*** Provided records

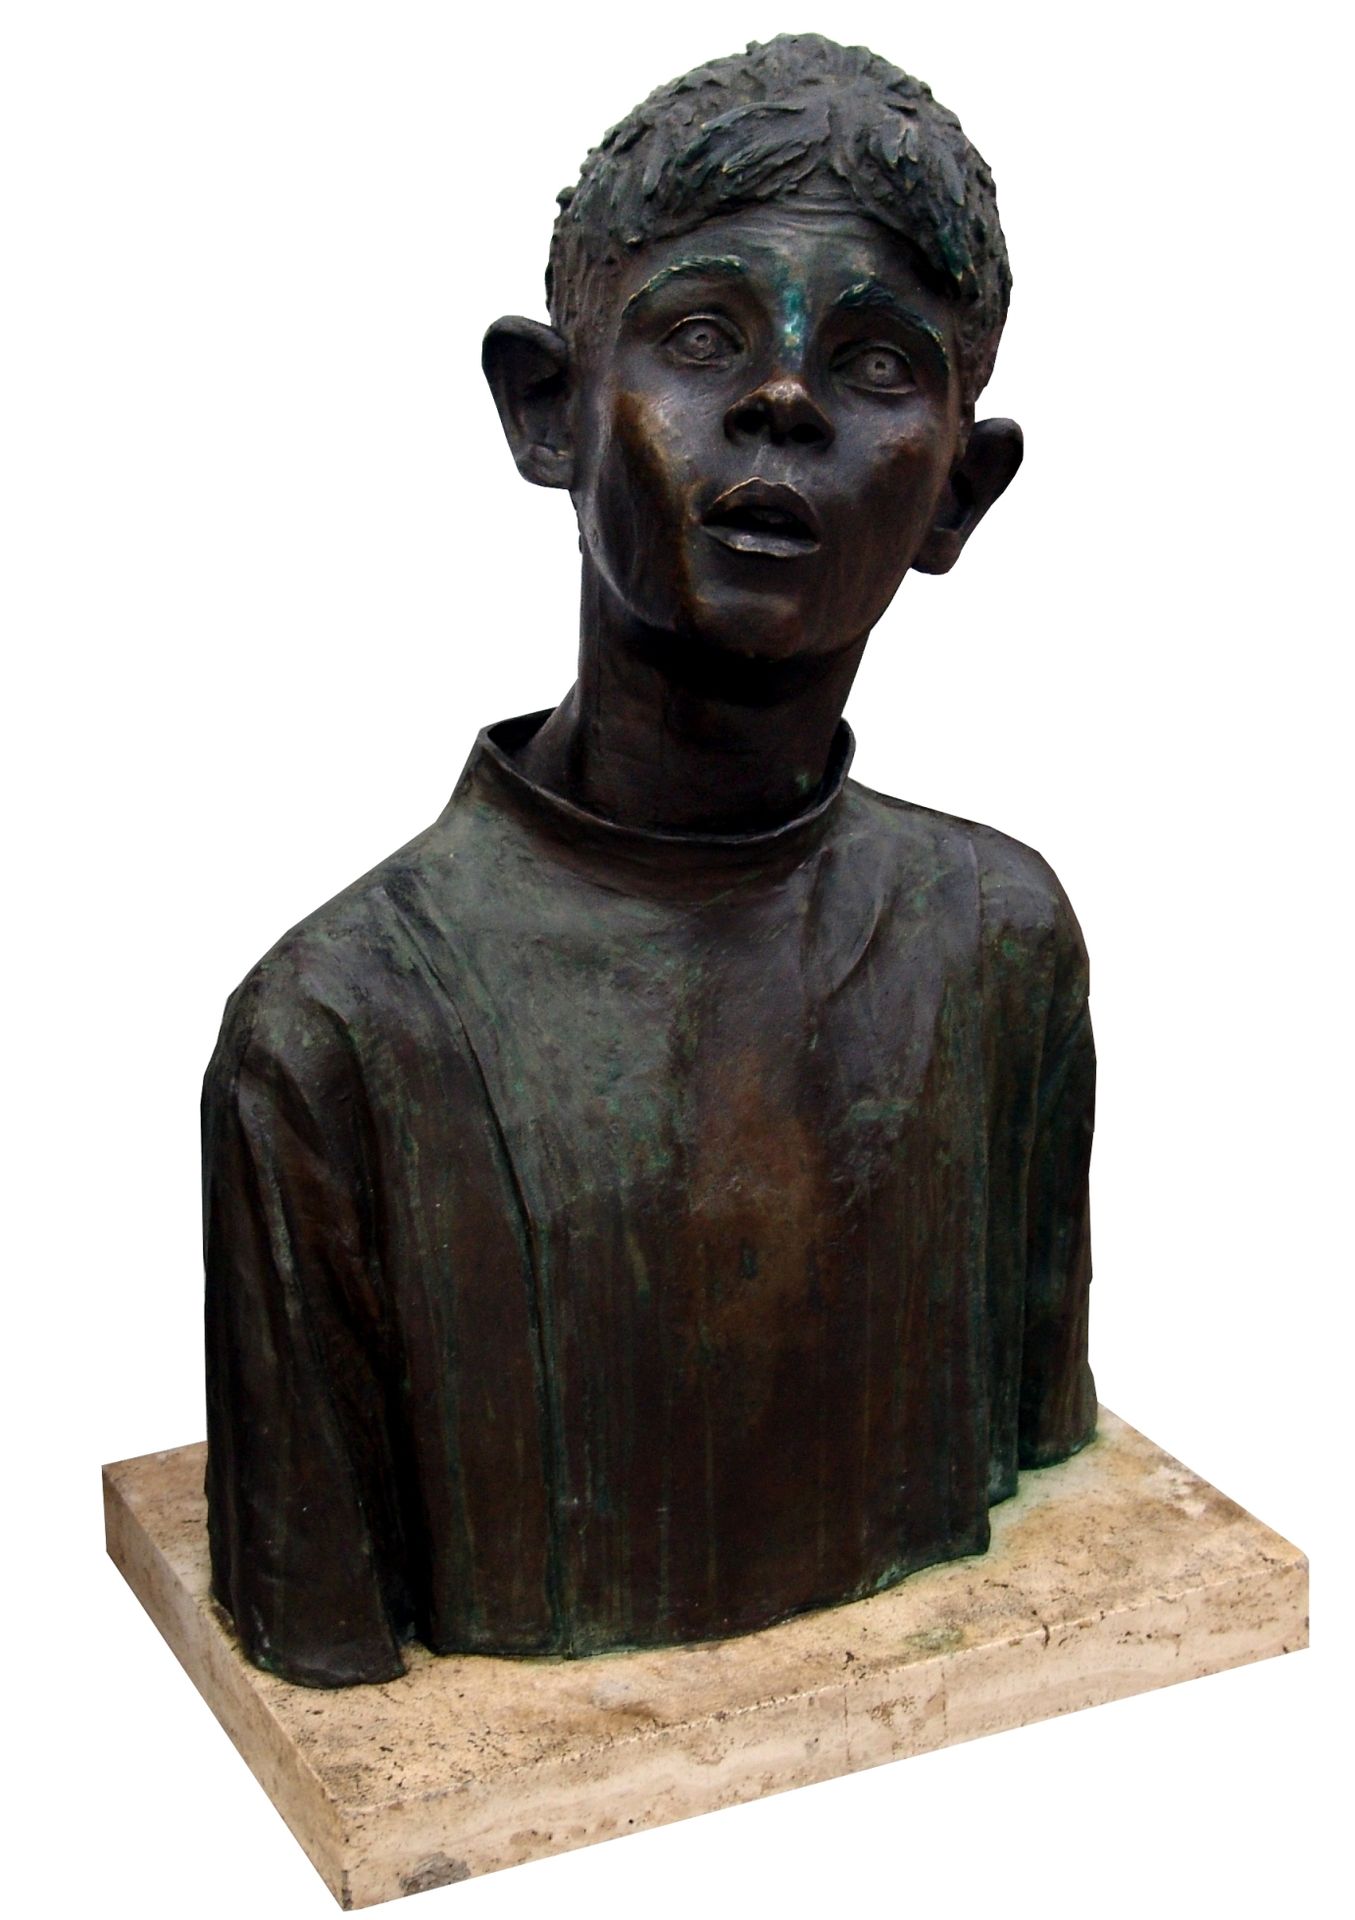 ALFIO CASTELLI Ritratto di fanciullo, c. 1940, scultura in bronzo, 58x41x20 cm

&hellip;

******
*** Provided records

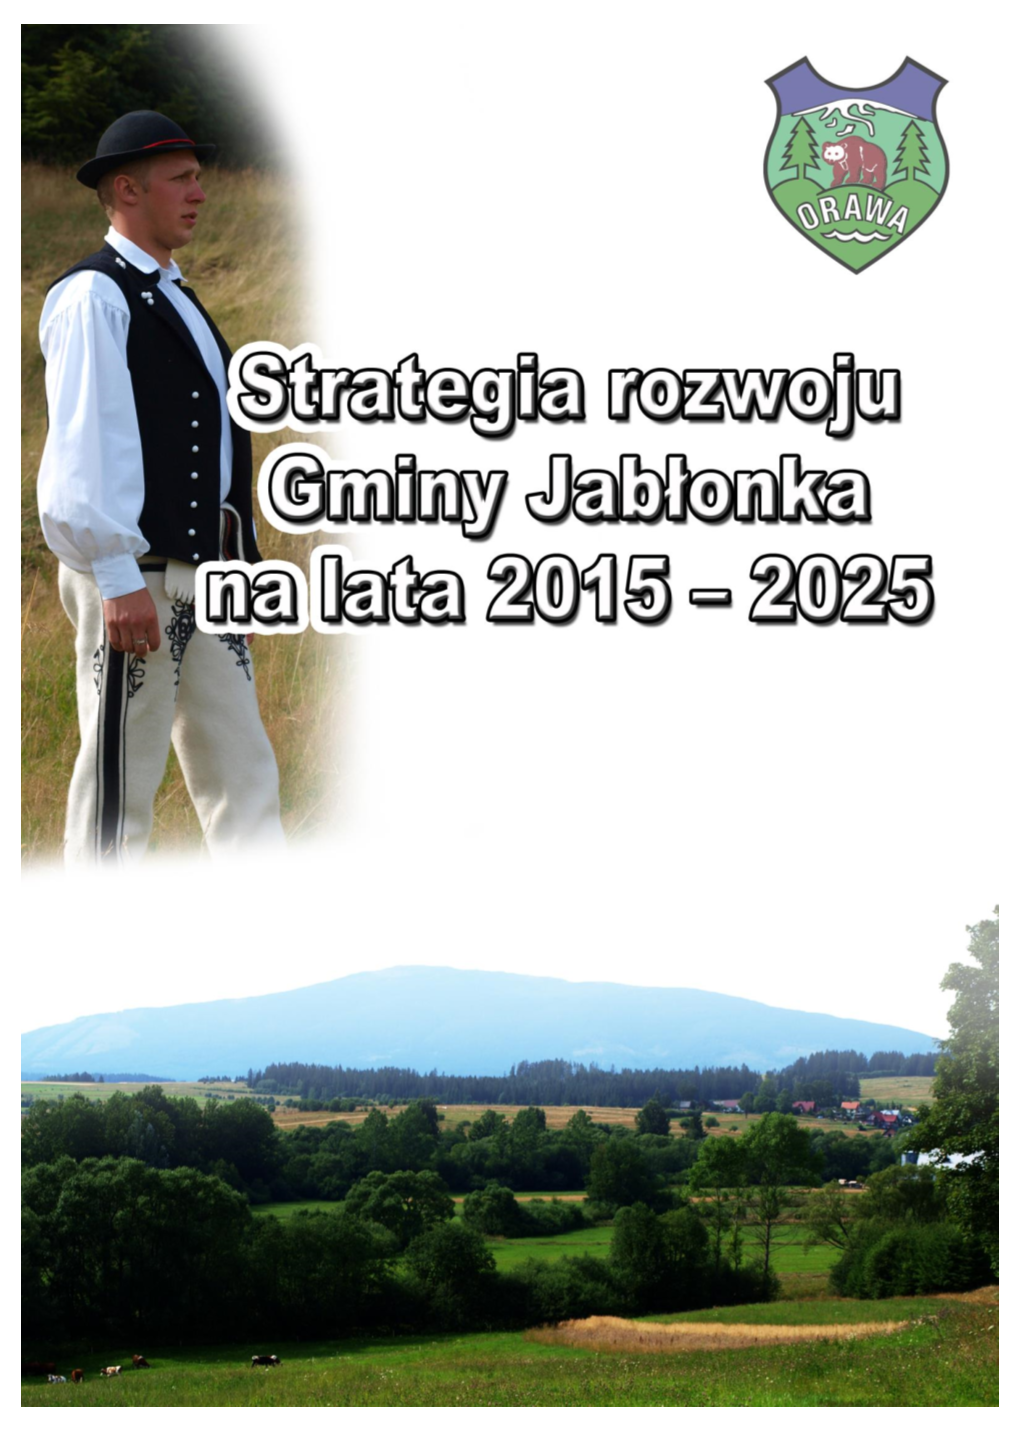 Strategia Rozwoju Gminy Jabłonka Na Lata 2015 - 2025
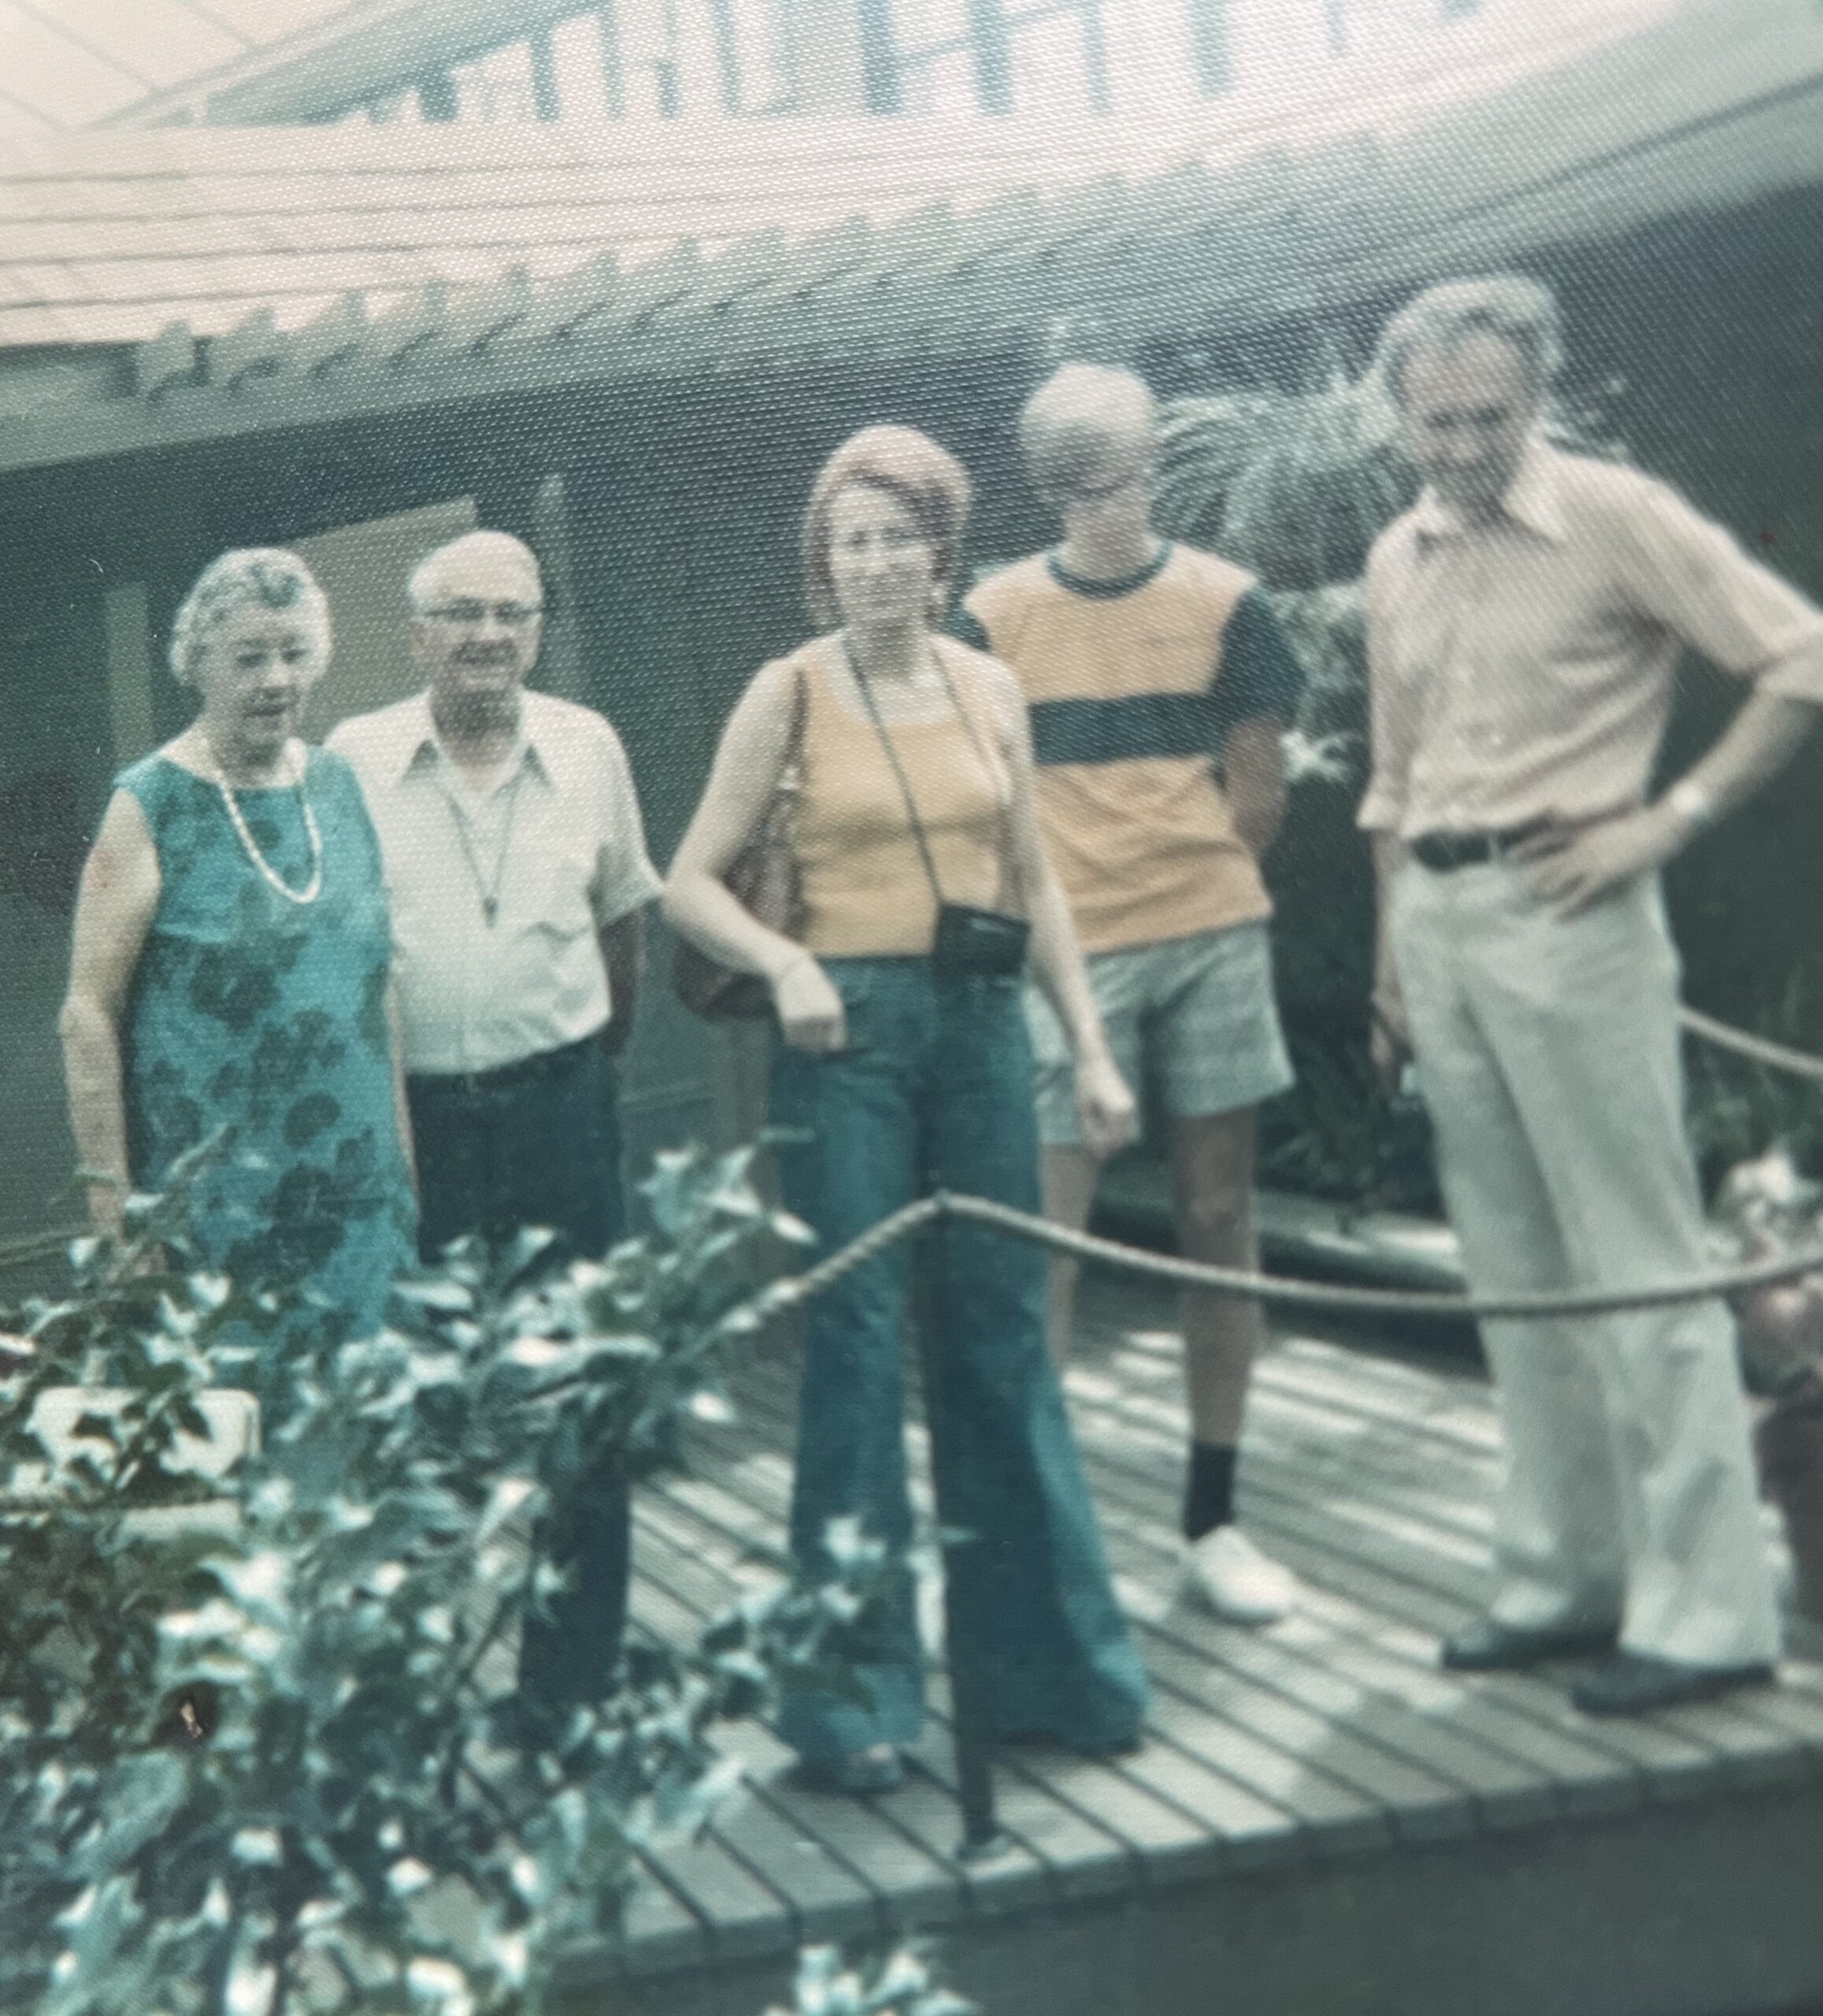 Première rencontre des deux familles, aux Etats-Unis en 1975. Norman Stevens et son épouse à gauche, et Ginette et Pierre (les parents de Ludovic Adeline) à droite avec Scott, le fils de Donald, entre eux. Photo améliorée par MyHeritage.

******
*** Provided records

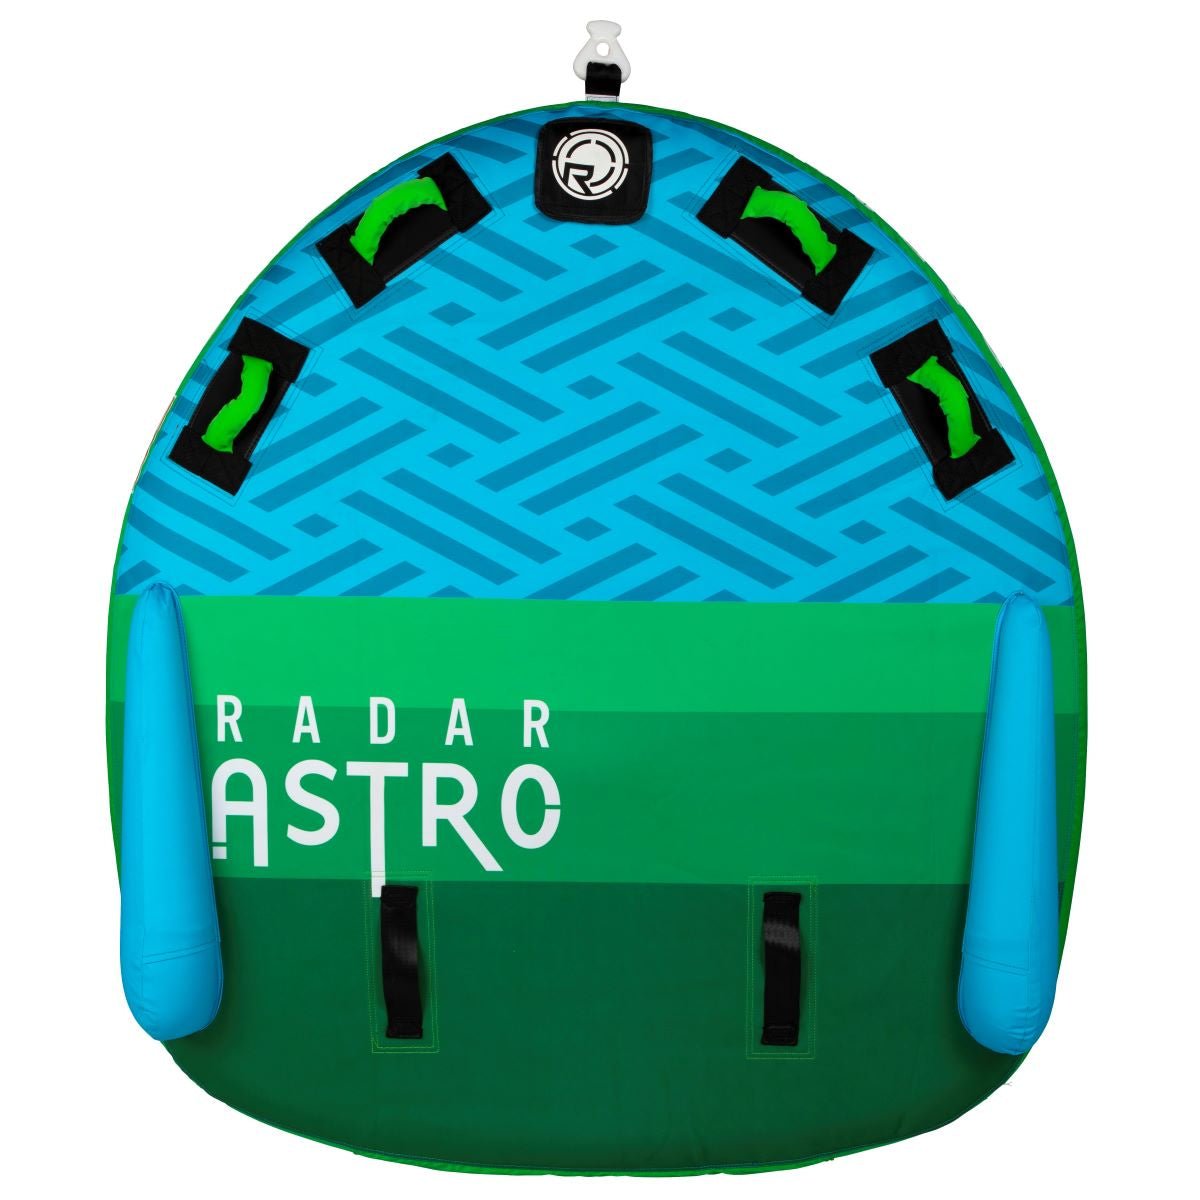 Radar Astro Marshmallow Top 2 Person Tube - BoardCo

******

◆ Try it:
Above are some entries. Restate word for word the lines from the one holding "Strategia Rozwoju Gminy" through the one holding "Première rencontre des", but not the pictures.

◆ Task answer:
 Strategia Rozwoju Gminy Jabłonka Na Lata 2015 - 2025
 Première rencontre des deux familles, aux Etats-Unis en 1975. Norman Stevens et son épouse à gauche, et Ginette et Pierre (les parents de Ludovic Adeline) à droite avec Scott, le fils de Donald, entre eux. Photo améliorée par MyHeritage.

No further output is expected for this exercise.